Nrun, ndiff, and ngen use nmap-format files on the local filesystem by default. This allows you the most flexibility in managing the nmap results data.

For the sake of future expansion, the ndiff tools have a mechanism to use other methods of storage and retrieval, for example pgp-encrypted nmap files, or a database engine.

Anywhere you specify a results file name in any of the ndiff tools, you can instead specify a string starting with a colon (:). When you do this, the string (sans colon) is regarded as a unique key into a data store. For example:

 # ngen -o :baseline-syn-192.168.2.0-net

 ...

 # nrun -o :daily-scan-for-192.168.2.0-net-%Y%m%D

 ...

 # ndiff -b :baseline-syn-192.168.2.0-net \
        -o :daily-scan-for-192.168.2.0-net-20000401

In all of the above cases, the tools will store/retrieve the results data from the configured data store. This can be very convenient, allowing you to think about the scan rather than managing nmap files.
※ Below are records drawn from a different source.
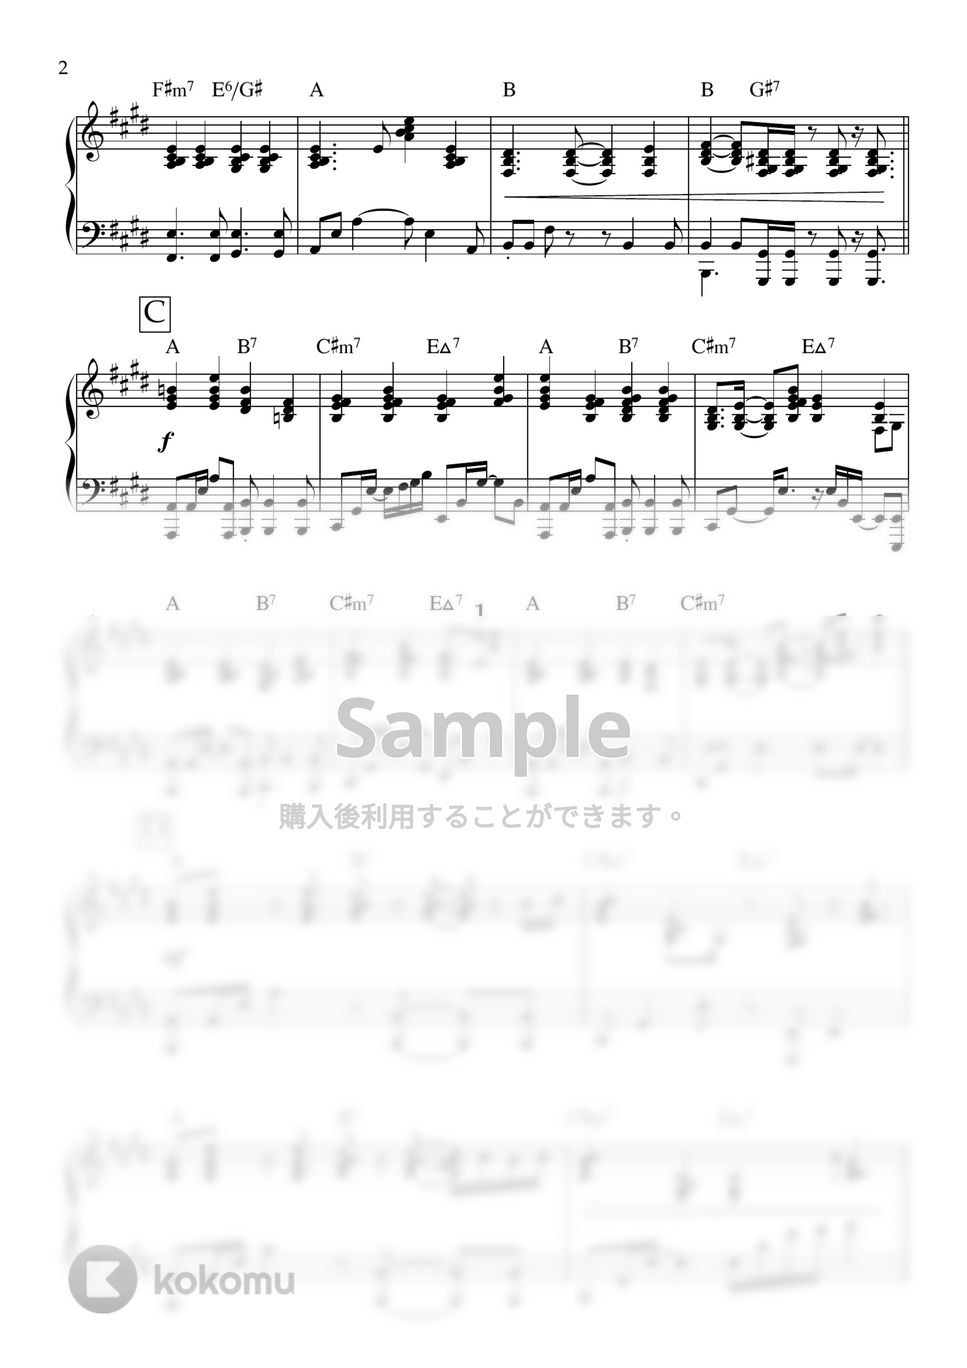 yama - Lost (ピアノ,伴奏,yama,Lost) by ヒット
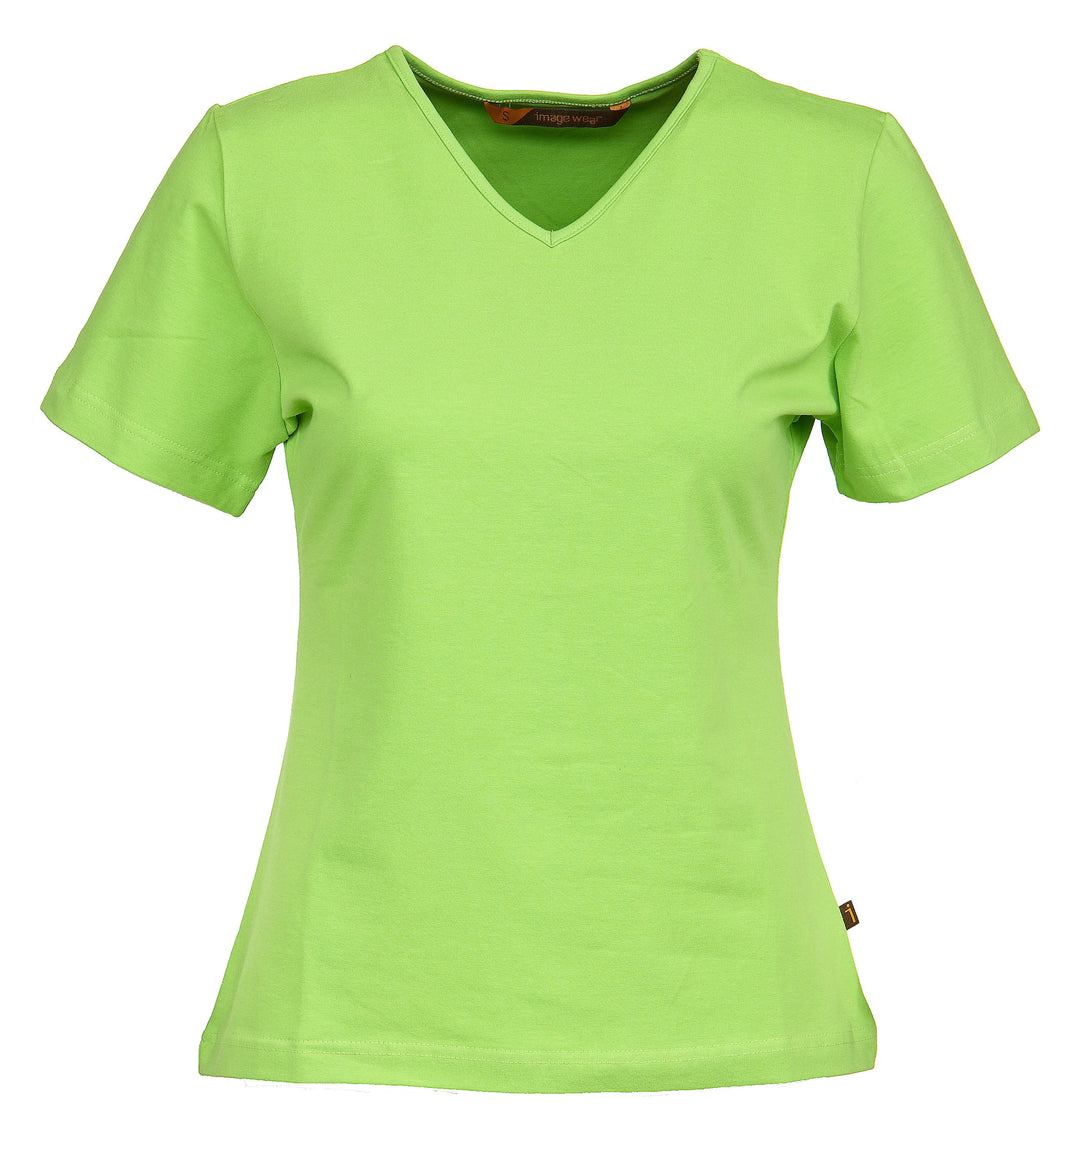 Naisten lyhythihainen limenvihreä T-paita v-pääntiellä. Malli on aavistuksen tyköistuva. 
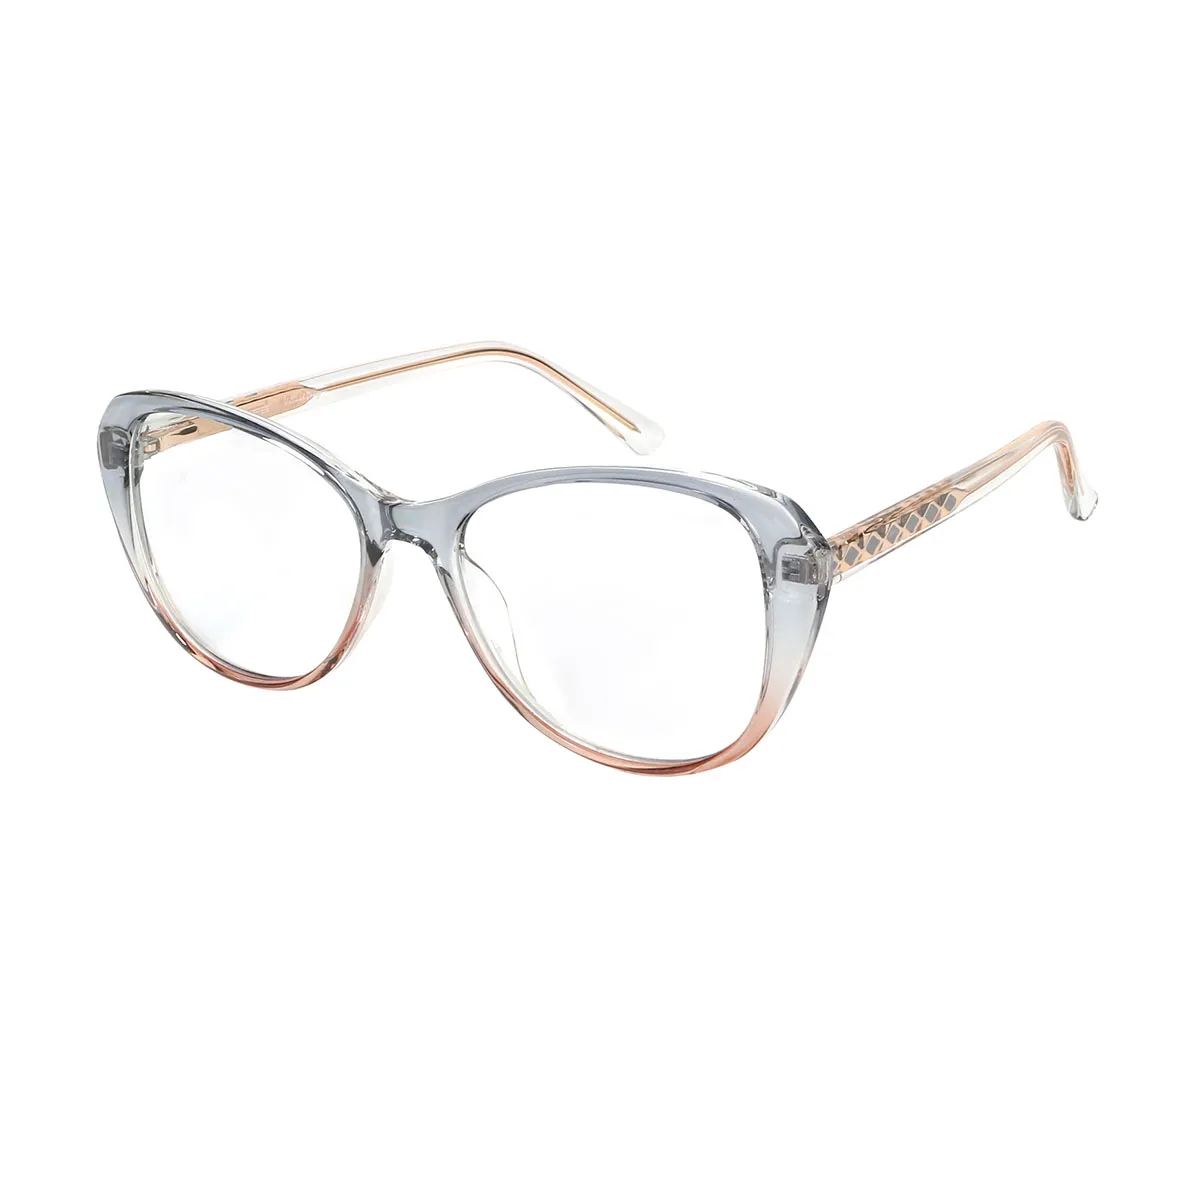 Elma - Cat-eye  Glasses for Women

Currently the only implemented data store type is an nmap file stored in special directory. That special directory is set in a global configuration file, ndiff.conf, which is read at runtime.

A sample file ndiff.conf.sample is installed into the same directory as the NDiff perl modules (PortScan subdirectory under perl extensions).

Copy and edit this file per the comments to configure data stores. The only thing you need to change is root attribute to point to the desired results storage directory.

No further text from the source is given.